One approach is for the server to periodically refresh cache contents. (This
is what Lotus Notes does). You set it up to refresh docs at night, or perhaps
on a trickle basis in the background. The problem is knowing what the
appropriate interval is for each document. The "Expiry:" field or an
equivalent "KeepFor:" (time to live) field when present gives an explicit
suggestion. My "silly" suggestion was a rule of thumb aimed at allowing the
sever to "learn" that some docs don't change much, and so can be refreshed at
longer intervals.

Another complimentary approach is to provide a machanism whereby a server
owning a document informs a list of client servers when it determines that a
given document has changed. This is critical for a successful room booking
application. For this to work, the protocol needs to include the requests:

    NOTIFY hplose.hpl.hp.com:8001
    ADD Udi
    RETRY   1000 10

This is used to inform a server (named in the Udi) that another server
(IP address: hplose.hpl.hp.com, port 8001) wishes to be informed when this
document is changed or deleted. The RETRY parameter is optional and used to
determine the notification retry interval in seconds, followed by how many
times to try.

    NOTIFY hplose.hpl.hp.com:8001
    REMOVE Udi

The reverse operation removing a server from a notification list

    CHANGED Udi
    <Doc header>
    <Doc body>

The message sent to servers on the notification list when the specified doc
has changed. If the doc has been deleted then the body should be empty.

In the case where it is currently impossible to establish a connection with a
server on the notification list, the notification should be periodically
retried until a suitable timeout period has expired.

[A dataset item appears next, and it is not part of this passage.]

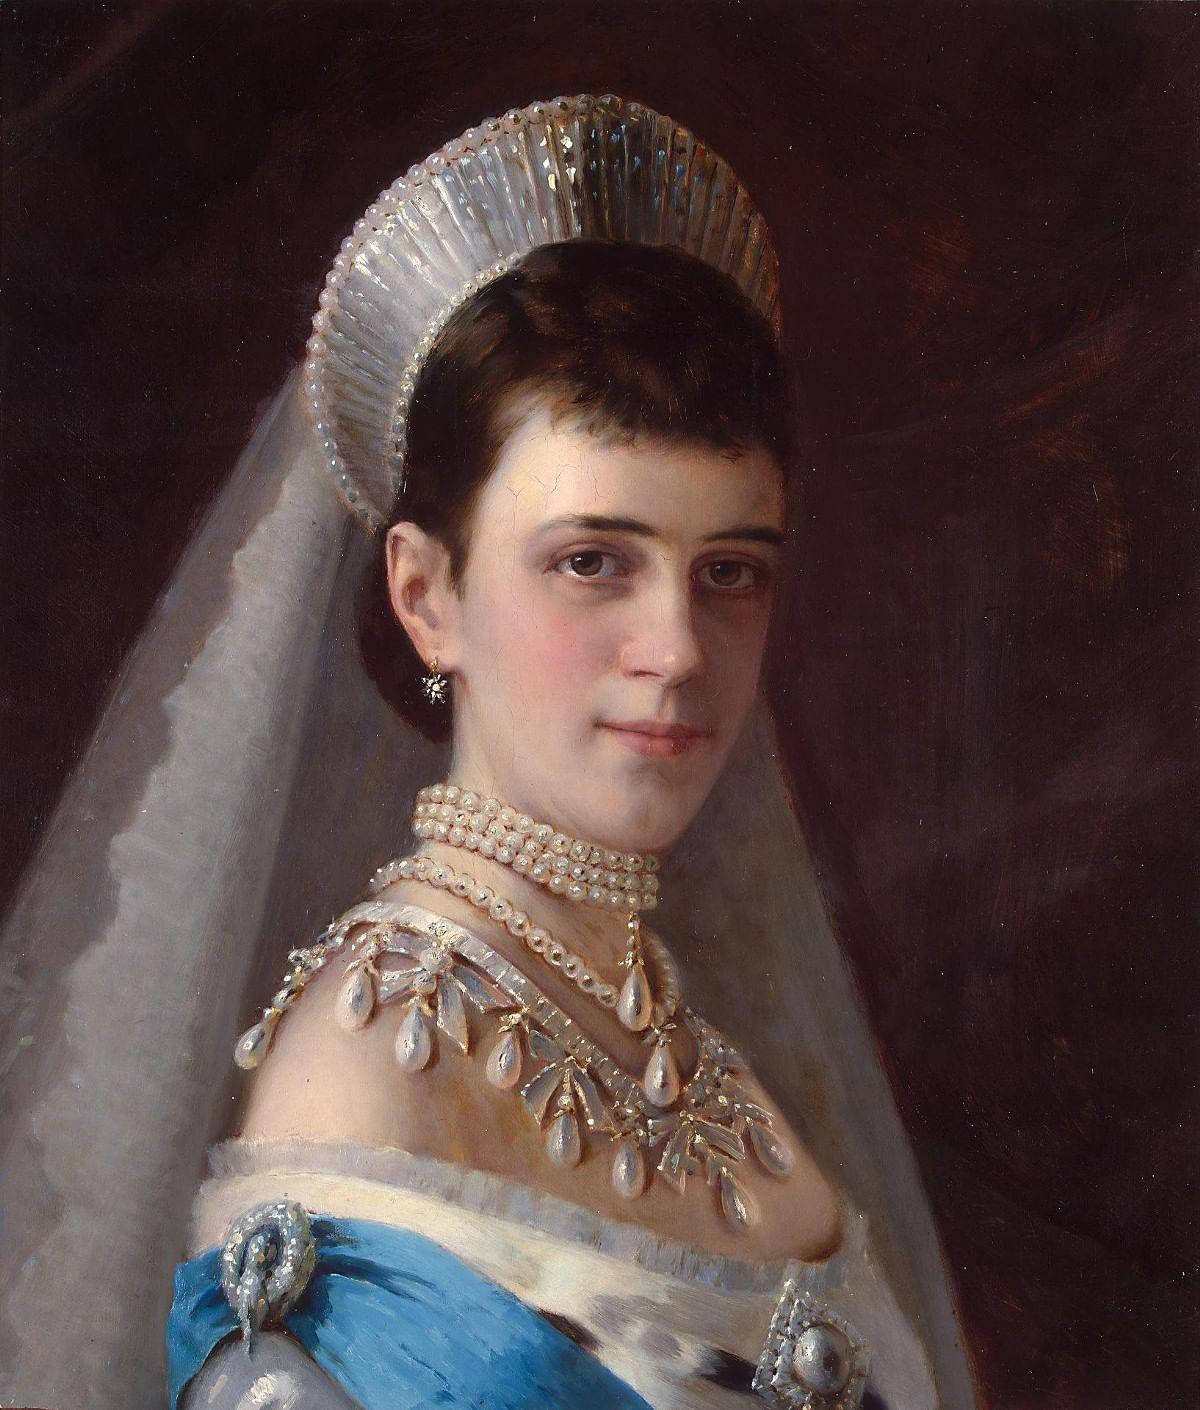 Любовь к жемчугу: Перлы в русском искусстве. Галерея 5

See earlier RETRY field.

You don't need to complicate the http server loop to implement this
mechanism as notifications can be handled by a separate program.

... talking about problems with comparing date/time info

> This also depends on hosts agreeing on the date. To quote
> RFC1128, talking about a 1988 survey of the time/date on
> Internet hosts, "... a few had errors as much as two years"

Wow! I had no idea that this was the case. I had hoped that all machines
would have support for date/time conversion for all known time zones, so
that by including the time zone as part of the format, there would be no
problem.

>> I think that we need to provide an operation in which the server returns a
>> document only if it is later that a date/time supplied with  the request. 

> This would be useful as part of a replication system, as long as both ends
> exchanged timestamps initially so that the dates can be synchronised.

In this case we need to define how servers should process date/time info,
particularly when a mismatch is detected.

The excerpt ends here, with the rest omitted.